On December 5, the Central Bank of Kenya (CBK) reduced the Central Bank Rate (CBR) from 12 percent to 11.25 percent.

Kenyan banks have announced that they will begin reducing the interest rates on loans beginning this month.

In a statement on Sunday, December 8, the Kenya Bankers Association (KBA) disclosed that banks are taking the step to ensure borrowing is affordable.

KBA declared that individual banks are issuing notices indicating the reductions and that the reductions will continue progressively in line with credit risk factors.

“The recent successive cuts in the Central Bank Rate, have implications on both deposit and lending rates in the market. Banks are taking steps to lower interest rates and make borrowing more affordable.

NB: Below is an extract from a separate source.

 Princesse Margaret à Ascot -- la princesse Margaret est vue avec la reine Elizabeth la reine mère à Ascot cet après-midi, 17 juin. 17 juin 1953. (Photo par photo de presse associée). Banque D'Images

"Individual banks are issuing the requisite notices to customers indicating reductions in loan rates from December 2024, and these reductions will continue progressively in line with the evolution of monetary policy and credit risk factors," KBA Chairman John Gachora remarked. 

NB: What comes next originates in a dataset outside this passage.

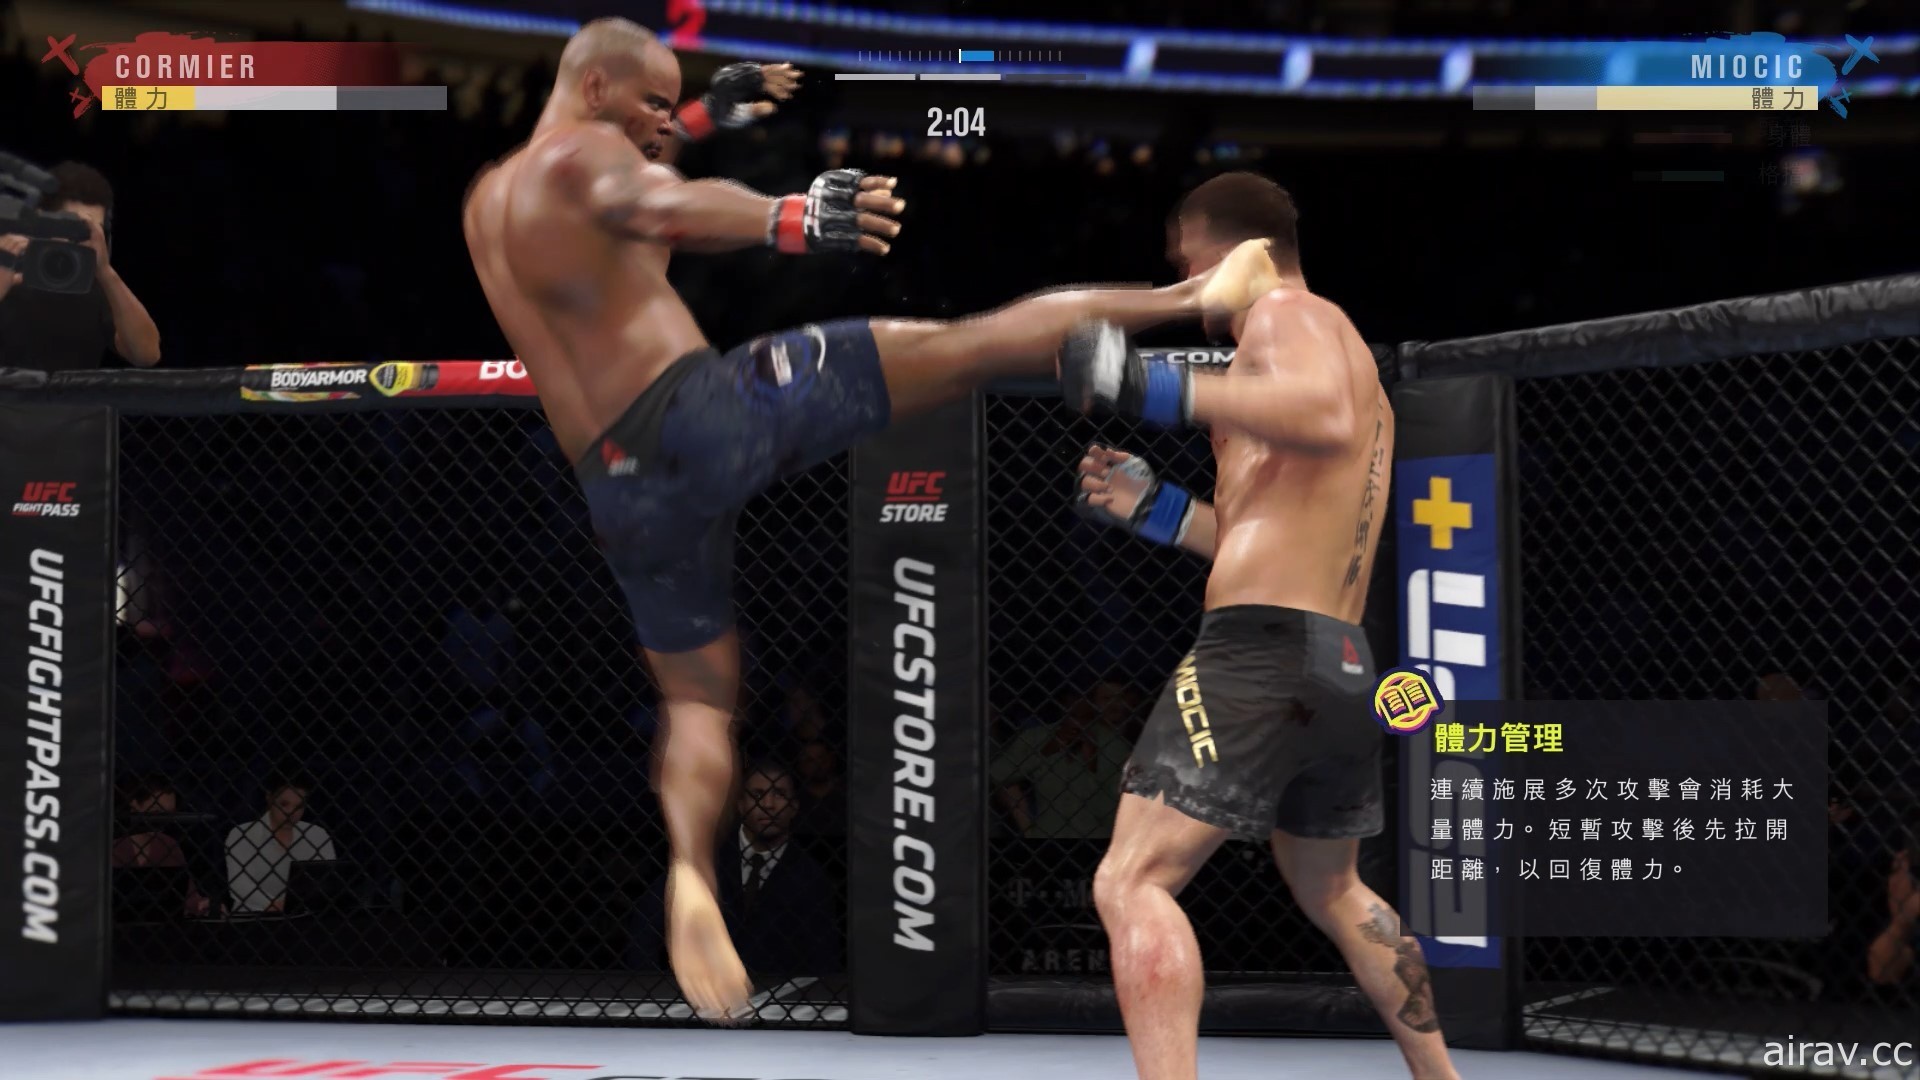 【試玩】《EA SPORTS UFC 4》強調真實與細膩的實感格鬥技大戰

File image of CBK headquarters in Nairobi.

He added that each bank is mandated to assess the risk profile of its customers and price its loans accordingly, based on each bank's approved base rates and assessment of the risk premium.

"While the base rates primarily reflect the Central Bank Rate and the cost of borrowing by the government, the customers’ risk premiums mirror the market conditions such as the level of non-performing loans and any challenges that customers face that may constrain their ability to service loans," Gachora stated.

On December 5, the Central Bank of Kenya (CBK) reduced the Central Bank Rate (CBR) from 12 percent to 11.25 percent.

The regulator said that the Monetary Policy Committee (MPC) decided to cut the interest rate due to stable inflation and exchange rate stability.